Step	Hyp	Ref	Expression
1		ssequn1 4209	. . . . . 6 ⊢ (𝐴 ⊆ 𝐵 ↔ (𝐴 ∪ 𝐵) = 𝐵)
2	1	biimpi 216	. . . . 5 ⊢ (𝐴 ⊆ 𝐵 → (𝐴 ∪ 𝐵) = 𝐵)
3	2	eleq1d 2829	. . . 4 ⊢ (𝐴 ⊆ 𝐵 → ((𝐴 ∪ 𝐵) ∈ 𝐶 ↔ 𝐵 ∈ 𝐶))
4	3	adantl 481	. . 3 ⊢ (((𝐴 ∈ On ∧ 𝐵 ∈ On ∧ 𝐶 ∈ On) ∧ 𝐴 ⊆ 𝐵) → ((𝐴 ∪ 𝐵) ∈ 𝐶 ↔ 𝐵 ∈ 𝐶))
5		ontr2 6442	. . . . . 6 ⊢ ((𝐴 ∈ On ∧ 𝐶 ∈ On) → ((𝐴 ⊆ 𝐵 ∧ 𝐵 ∈ 𝐶) → 𝐴 ∈ 𝐶))
6	5	3adant2 1131	. . . . 5 ⊢ ((𝐴 ∈ On ∧ 𝐵 ∈ On ∧ 𝐶 ∈ On) → ((𝐴 ⊆ 𝐵 ∧ 𝐵 ∈ 𝐶) → 𝐴 ∈ 𝐶))
7	6	expdimp 452	. . . 4 ⊢ (((𝐴 ∈ On ∧ 𝐵 ∈ On ∧ 𝐶 ∈ On) ∧ 𝐴 ⊆ 𝐵) → (𝐵 ∈ 𝐶 → 𝐴 ∈ 𝐶))
8	7	pm4.71rd 562	. . 3 ⊢ (((𝐴 ∈ On ∧ 𝐵 ∈ On ∧ 𝐶 ∈ On) ∧ 𝐴 ⊆ 𝐵) → (𝐵 ∈ 𝐶 ↔ (𝐴 ∈ 𝐶 ∧ 𝐵 ∈ 𝐶)))
9	4, 8	bitrd 279	. 2 ⊢ (((𝐴 ∈ On ∧ 𝐵 ∈ On ∧ 𝐶 ∈ On) ∧ 𝐴 ⊆ 𝐵) → ((𝐴 ∪ 𝐵) ∈ 𝐶 ↔ (𝐴 ∈ 𝐶 ∧ 𝐵 ∈ 𝐶)))

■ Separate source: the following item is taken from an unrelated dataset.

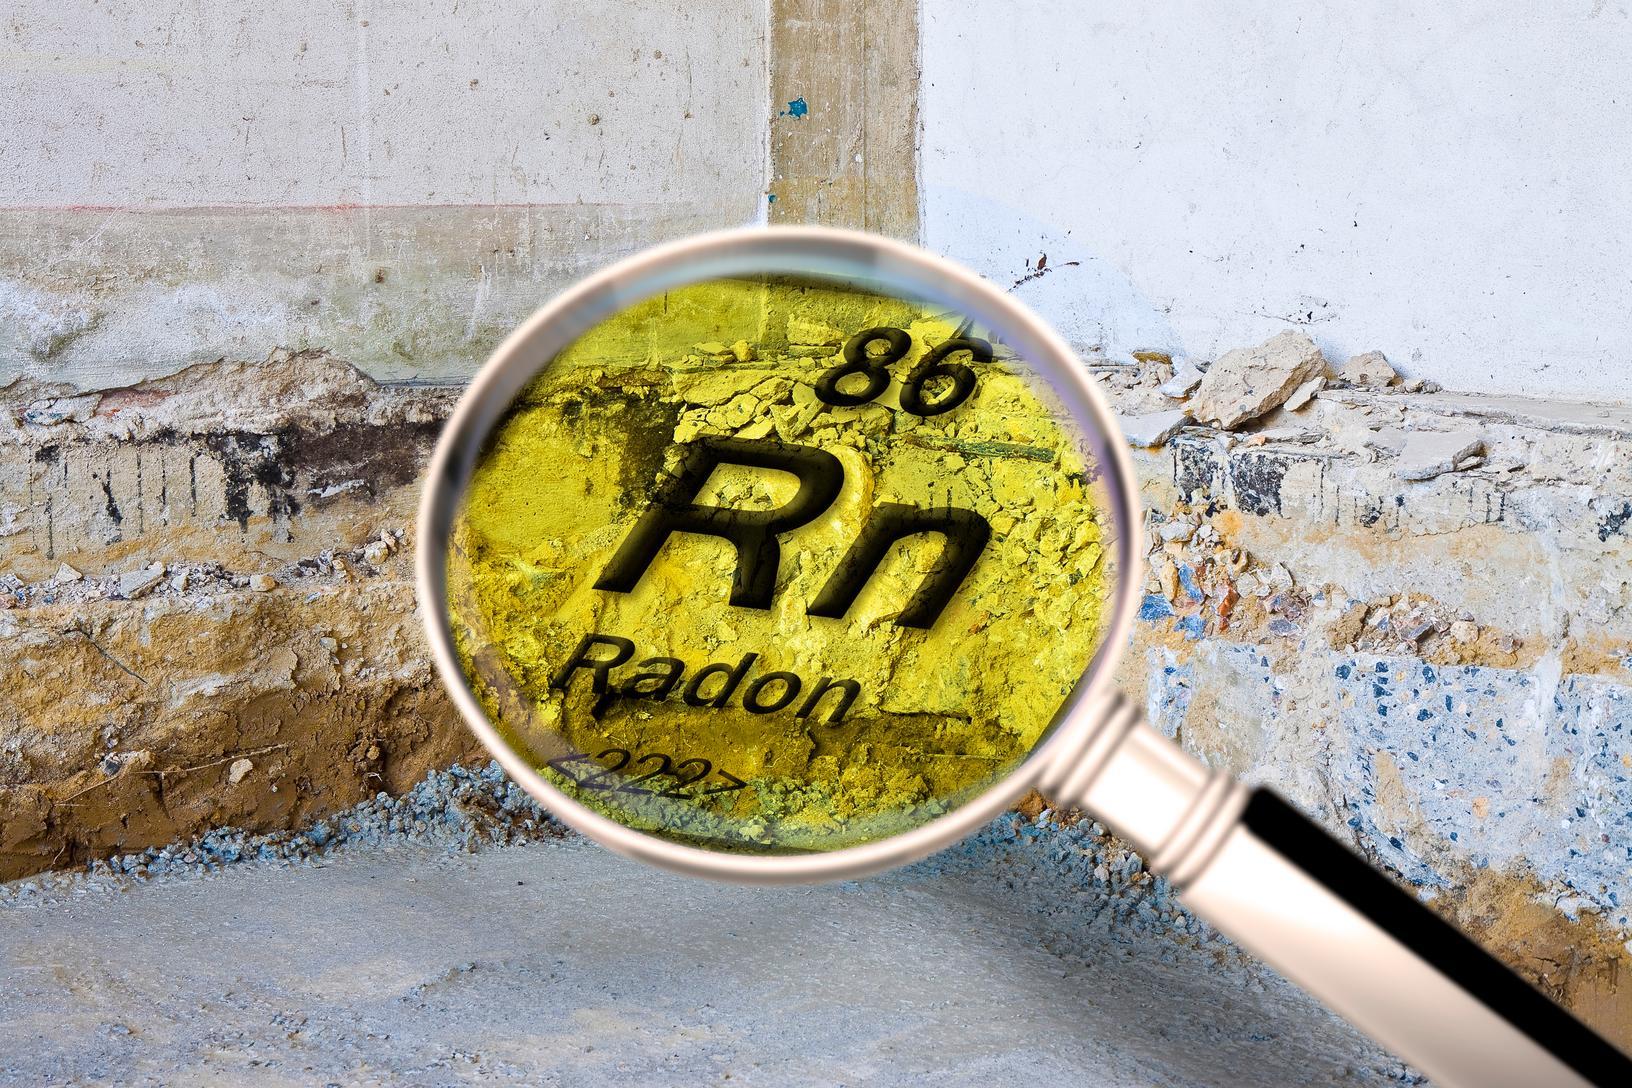 Radon Mitigation sales leads

10		ssequn2 4212	. . . . . 6 ⊢ (𝐵 ⊆ 𝐴 ↔ (𝐴 ∪ 𝐵) = 𝐴)
11	10	biimpi 216	. . . . 5 ⊢ (𝐵 ⊆ 𝐴 → (𝐴 ∪ 𝐵) = 𝐴)
12	11	eleq1d 2829	. . . 4 ⊢ (𝐵 ⊆ 𝐴 → ((𝐴 ∪ 𝐵) ∈ 𝐶 ↔ 𝐴 ∈ 𝐶))
13	12	adantl 481	. . 3 ⊢ (((𝐴 ∈ On ∧ 𝐵 ∈ On ∧ 𝐶 ∈ On) ∧ 𝐵 ⊆ 𝐴) → ((𝐴 ∪ 𝐵) ∈ 𝐶 ↔ 𝐴 ∈ 𝐶))

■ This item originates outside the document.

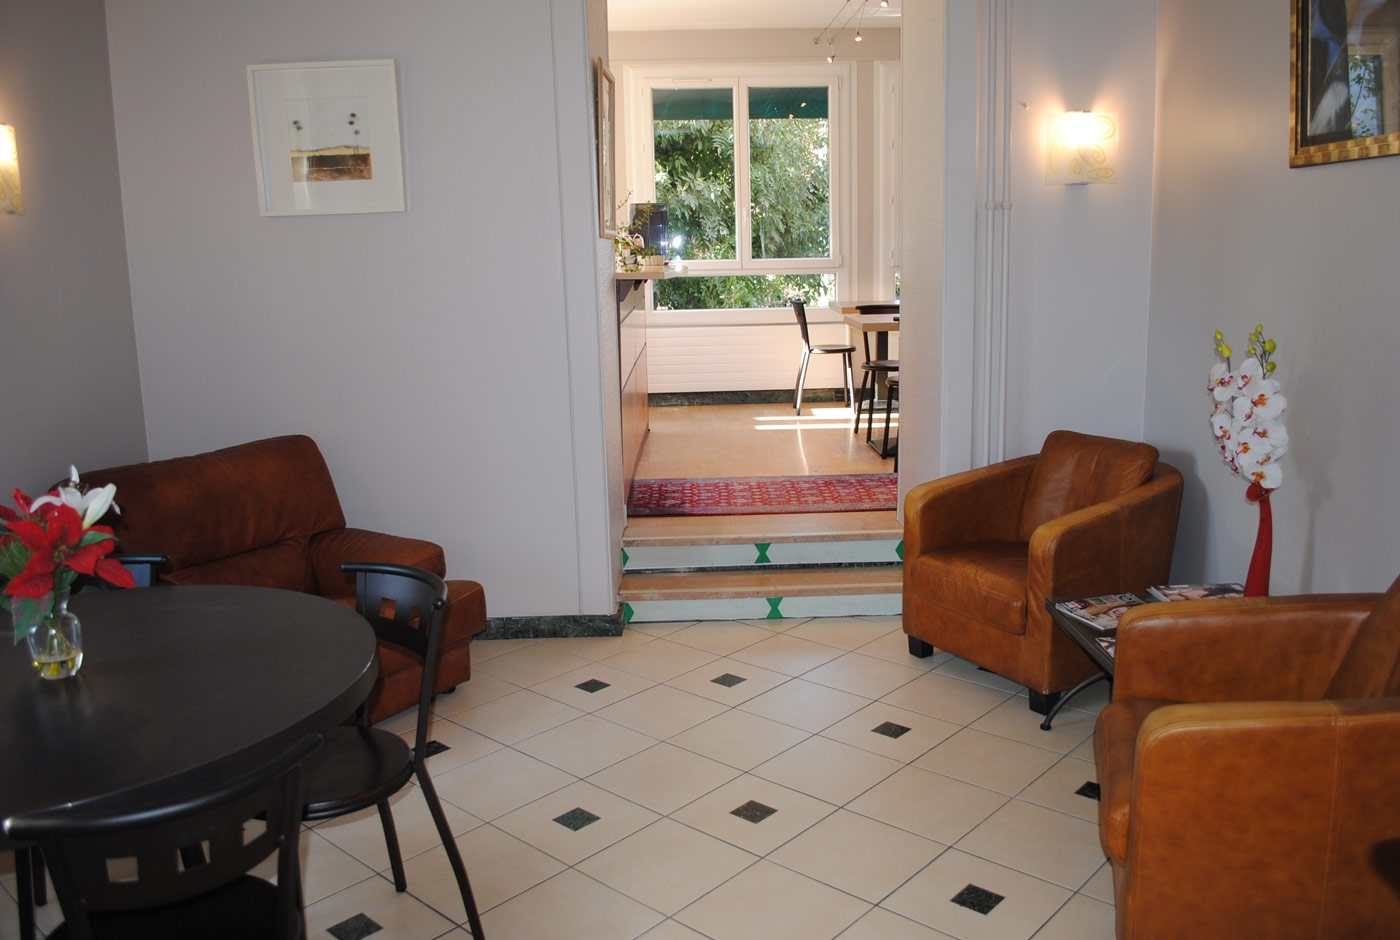 hotel-lacassagne-home-slide07

14		ontr2 6442	. . . . . 6 ⊢ ((𝐵 ∈ On ∧ 𝐶 ∈ On) → ((𝐵 ⊆ 𝐴 ∧ 𝐴 ∈ 𝐶) → 𝐵 ∈ 𝐶))
15	14	3adant1 1130	. . . . 5 ⊢ ((𝐴 ∈ On ∧ 𝐵 ∈ On ∧ 𝐶 ∈ On) → ((𝐵 ⊆ 𝐴 ∧ 𝐴 ∈ 𝐶) → 𝐵 ∈ 𝐶))

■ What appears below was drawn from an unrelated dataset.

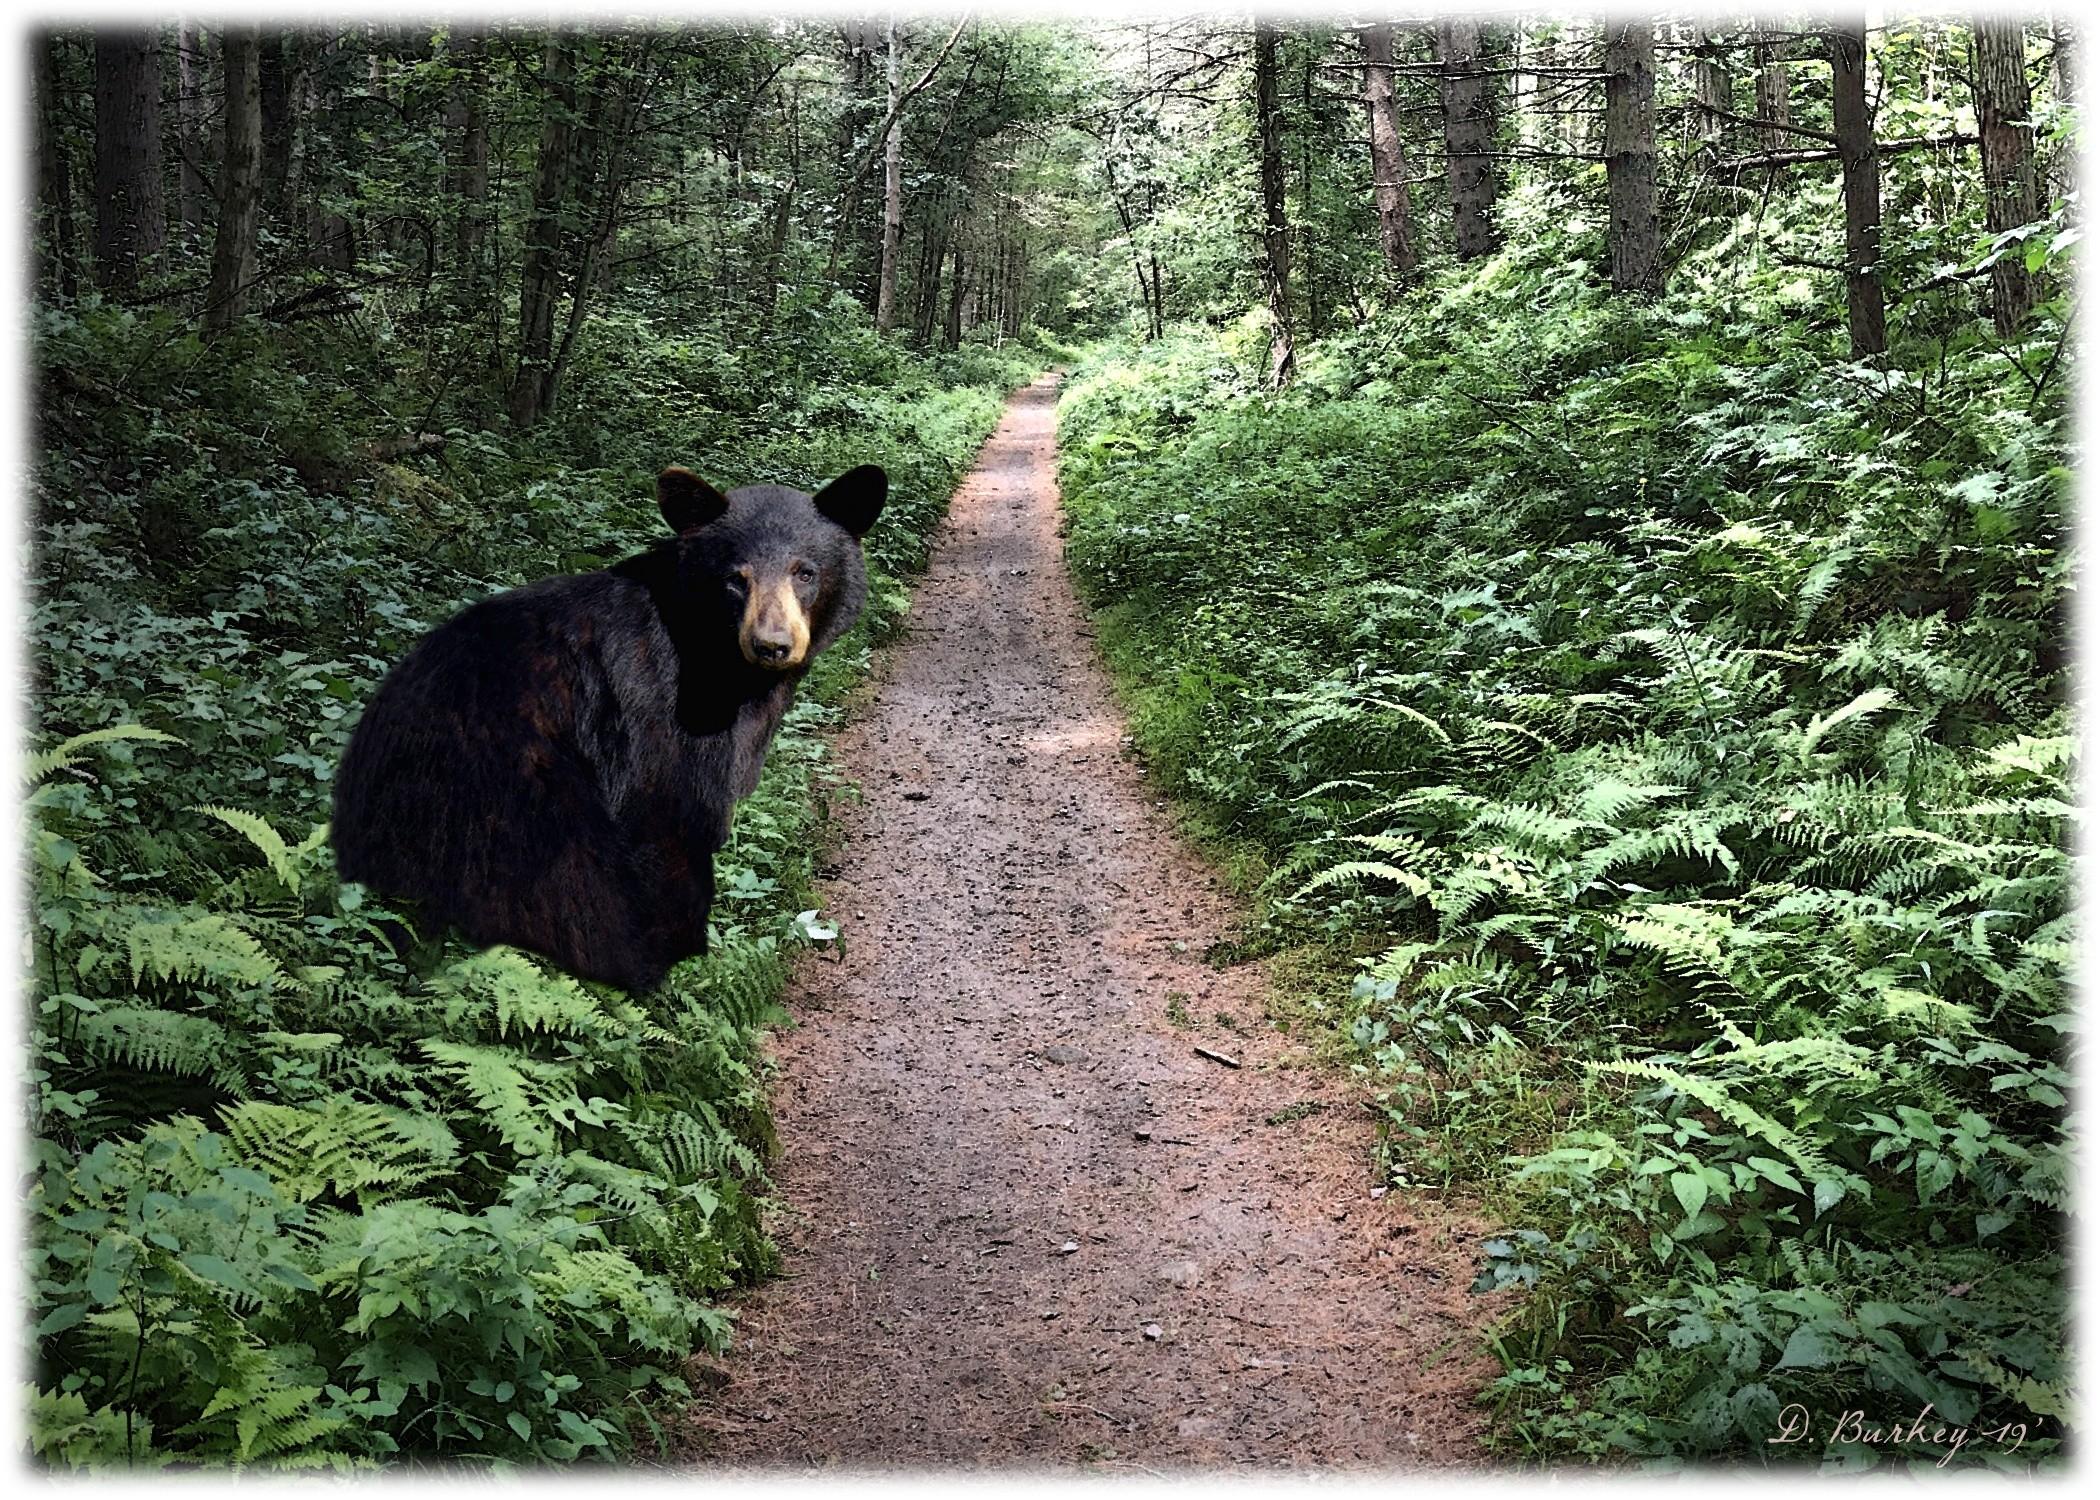 Black Bear, Herkimer County, Southern Adirondacks © Darren Burkey

16	15	expdimp 452	. . . 4 ⊢ (((𝐴 ∈ On ∧ 𝐵 ∈ On ∧ 𝐶 ∈ On) ∧ 𝐵 ⊆ 𝐴) → (𝐴 ∈ 𝐶 → 𝐵 ∈ 𝐶))
17	16	pm4.71d 561	. . 3 ⊢ (((𝐴 ∈ On ∧ 𝐵 ∈ On ∧ 𝐶 ∈ On) ∧ 𝐵 ⊆ 𝐴) → (𝐴 ∈ 𝐶 ↔ (𝐴 ∈ 𝐶 ∧ 𝐵 ∈ 𝐶)))
18	13, 17	bitrd 279	. 2 ⊢ (((𝐴 ∈ On ∧ 𝐵 ∈ On ∧ 𝐶 ∈ On) ∧ 𝐵 ⊆ 𝐴) → ((𝐴 ∪ 𝐵) ∈ 𝐶 ↔ (𝐴 ∈ 𝐶 ∧ 𝐵 ∈ 𝐶)))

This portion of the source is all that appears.